Hi,

The other day on IRC myself, Chandler, Hal and Pablo discussed recursive inlining. I’ve pondered a bit since then, and thought I’d get some background on the list with the aim of stimulating discussion.

Our goal is to inline recursive functions. We have several workloads with recursive calls, and inlining them to a certain degree can improve performance by up to 30%.

Inlining recursive functions is a slightly different problem to inlining non-recursive functions in that the inlining can never terminate, so you need to choose a factor (number of times) to inline. In this respect it is similar to loop unrolling, and Chandler suggested we should model it as such.

We originally thought he meant by this that the mechanics of inlining would stay the same, but the heuristics would have to be changed. This is the approach taken by Rugina & Rinard 1, which is almost the sum of the literature on this topic I could find, which surprised me. However, the actual suggestion was to remove the recursion entirely, and replace it with a loop.

Before I get into the mechanics of this, I’d like to explain what the possible optimization opportunities are for recursive functions turned into a loop.

- Unrolling

- This leads to bigger basic blocks (if they can be merged) and exposes more pipeline-level parallelism.
- CSE between iterations.
- Reduces backbranch overhead (generally negligible impact).

- Commoning / LICM

- Recursion doesn’t have a vehicle for moving common code out into a dominating block (compare with LICM for loops).

OK, first example:

void ex1(i) {

if (i == 0) return;

a[i] = i+1;

ex1(i-1);

}

gets converted to:

while (1) {

if (i == 0) break;

a[i] = i+1;

i = i-1;

}

Now, the above is the simplest case and is pure tail recursion.

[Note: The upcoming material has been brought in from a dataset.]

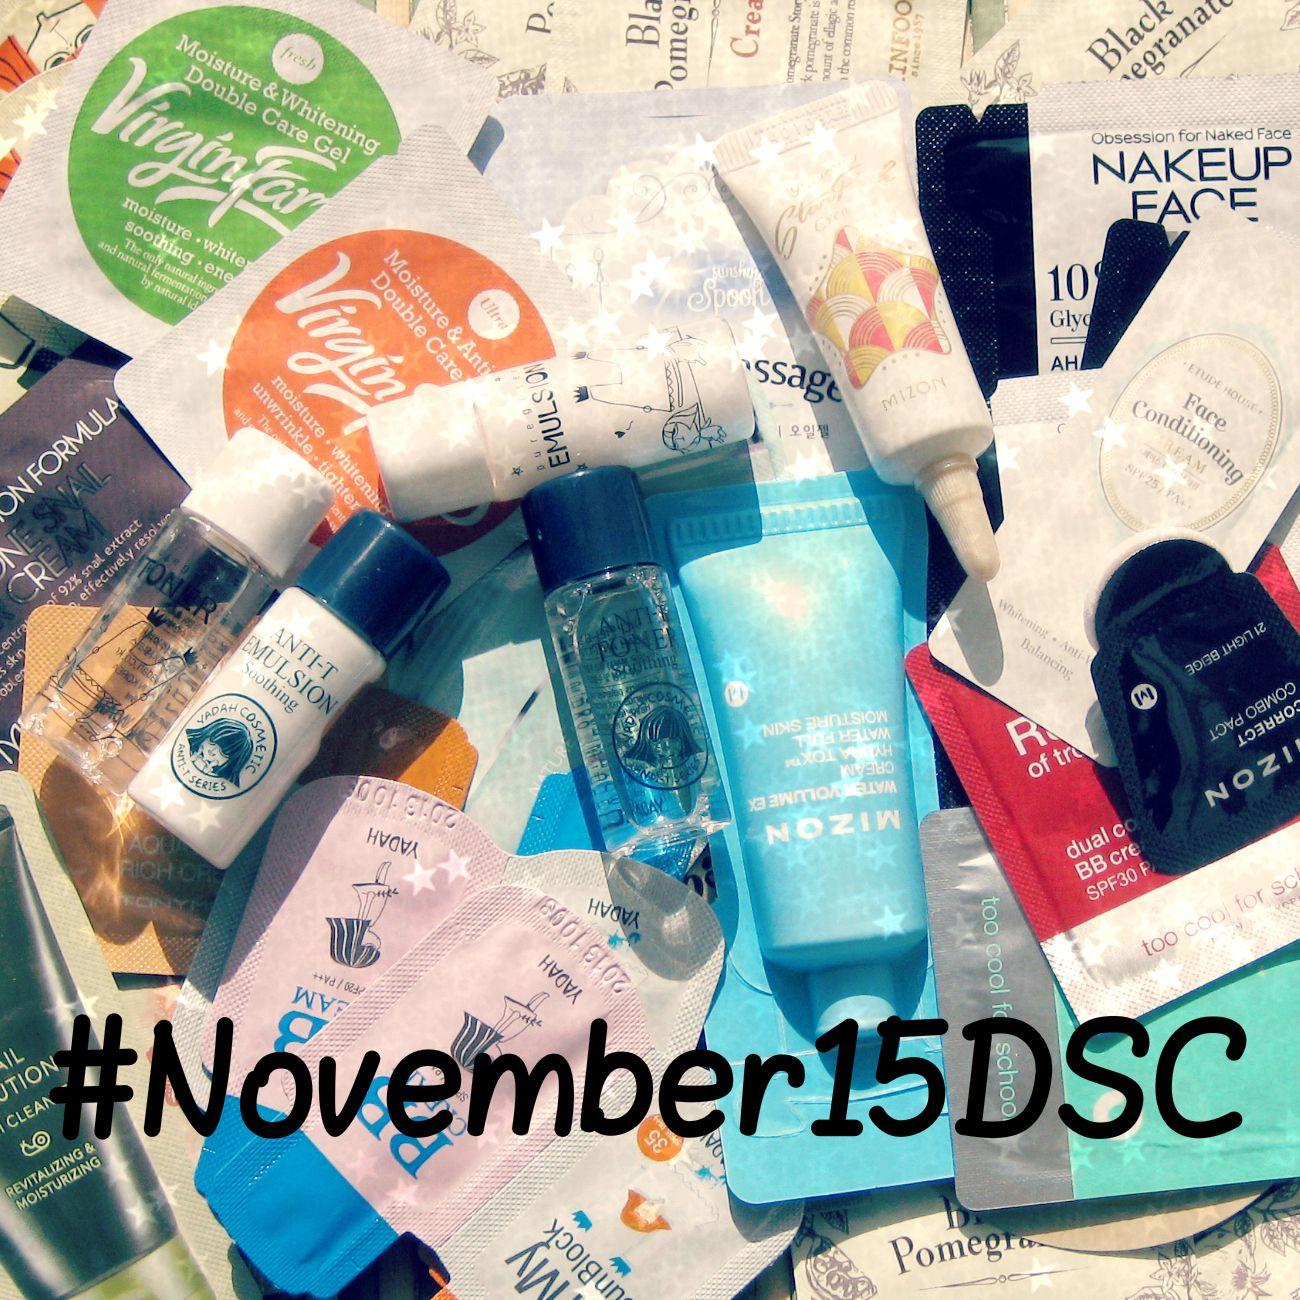 CamomilleBeautyTime: Ноябрьский марафон пробников #November15DSC с Camo...
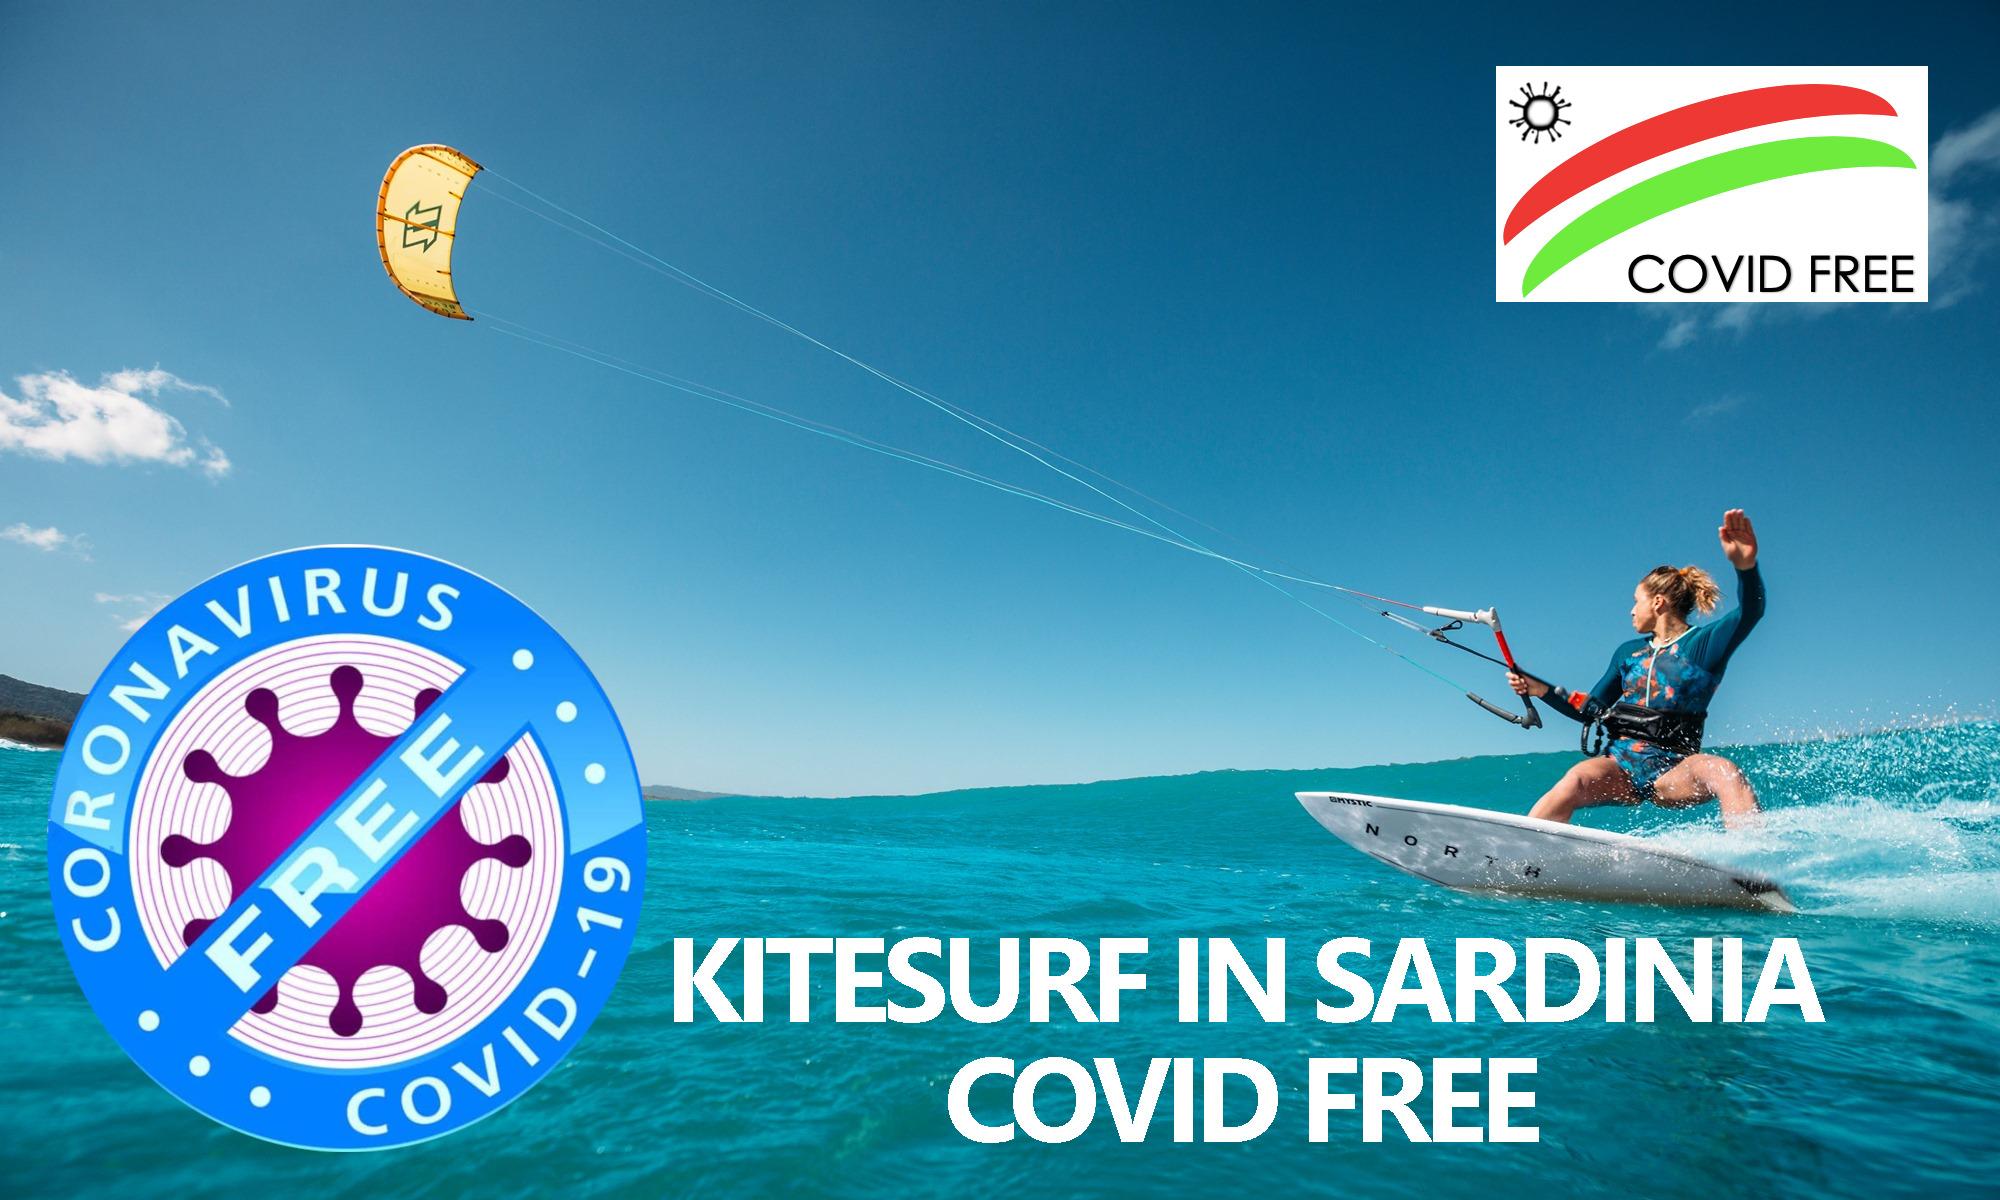 Kitesurfing in Safety with no Corona Virus - Kitesurf is sardinia Covd Free

We can eliminate this currently with the TailRecursionElimination pass. The more complex case is where we have non-tail recusion and live variables.

void ex2(i) {

if (i == 0) return;

j = a[i];

ex2(i-1)

b[j] = i;

}

This requires a stack being modelled and could be converted to:

cnt = 0;

while (1) {

if (i == 0) break;

j = a[i];

stack[cnt++] = j;

stack[cnt++] = i;

++cnt;

–i;

}

while (cnt) {

i = stack[–cnt];

j = stack[–cnt];

b[j] = i;

}

The above is as far as the discussion got on IRC. The following are my half-baked thoughts.

The above transform works because the access pattern to the stack is strictly linear. Pushes are followed by pops. But I don’t think this is the most interesting case for recursion in real programs. I see (qualitatively, poorly) 3 reasons for recursion in code that should go fast:

- A fibonnacci function in a microbenchmark or compiler shootout. I think we can safely ignore this usecase…
- Divide and conquer algorithms. Quicksort, FFT butterflies, etc.
- Traversing a data structure, where the recursion is simply to get to the leaves which is where all the fun stuff happens.

Points 2 and 3 both share a trait that they’re dividing/fanning out at each step:

void ex3(i) {

if (is_base(i)) {

f();

return;

}

g(i);

ex3(i / 2);

ex3(i / 2 + 1);

}

The access pattern of such a function is not linear. It is a pre-order walk of a (binary, in this case) tree. As such we can’t use the two-loop transform above, but would have to form one loop and just manually implement the stack operations:

cnt = 0

stack[cnt++] = i;

while (1) {

i = stack[–cnt];

if (is_base(i)) {

f(); continue;

}

g(i);

stack[cnt++] = i / 2 + 1;

stack[cnt++] = i / 2;

}

OK, it’s still a well-formed loop, we can still do useful operations on it like LICM or, if it’s profitable, unrolling.

Now what about a more complex case, like in the FFT butterfly algorithm:

void ex4(i) {

if (is_base(i)) {

f(i); return;

}

g(i);

ex4(i / 2);

ex4(i / 2 + 1);

h(i);

}

Here, we have to do work after the last recursive call. This presents a problem, because we don’t have any of the caller’s context when dealing with a node. Is a node N the first recursive call? or the second? Call-stack recursion can save two things: the state of variables and the return address which serves as another kind of state. The obvious answer is to turn this into a sort of state machine:

cnt = 0

stack[cnt++] = i;

stack[cnt++] = STATE_1;

while (1) {

state = stack[–cnt];

i = stack[–cnt];

if (state == STATE_FINISH) {

h(i);

continue;

}

if (is_base(i)) {

f(); continue;

}

g(i);

stack[cnt++] = i; // Push ourself again, in the final state this time

stack[cnt++] = STATE_FINISH;

stack[cnt++] = i / 2 + 1;

stack[cnt++] = STATE_1;

stack[cnt++] = i / 2;

stack[cnt++] = STATE_1;

}

This solution can be generalised for if there is code in between the recursive calls (just add more states). It’s getting more complex in terms of control flow though - the question is, is it worth it?

Unrolling this loop is probably not going to usefully create larger basic blocks due to how complex the control flow is. I suppose we have the opportunity, if we unroll, of CSE and jump threading values through equivalent blocks that may gain us time. However, we can still do LICM which is probably a major improvement, and there are no calls/returns to speculate.

This approach would have to be extended if the recursive calls didn’t return void (for example it was a recursive reduction), but it’s not impossible.

Sorry for the long post. What do people think?

Cheers,

James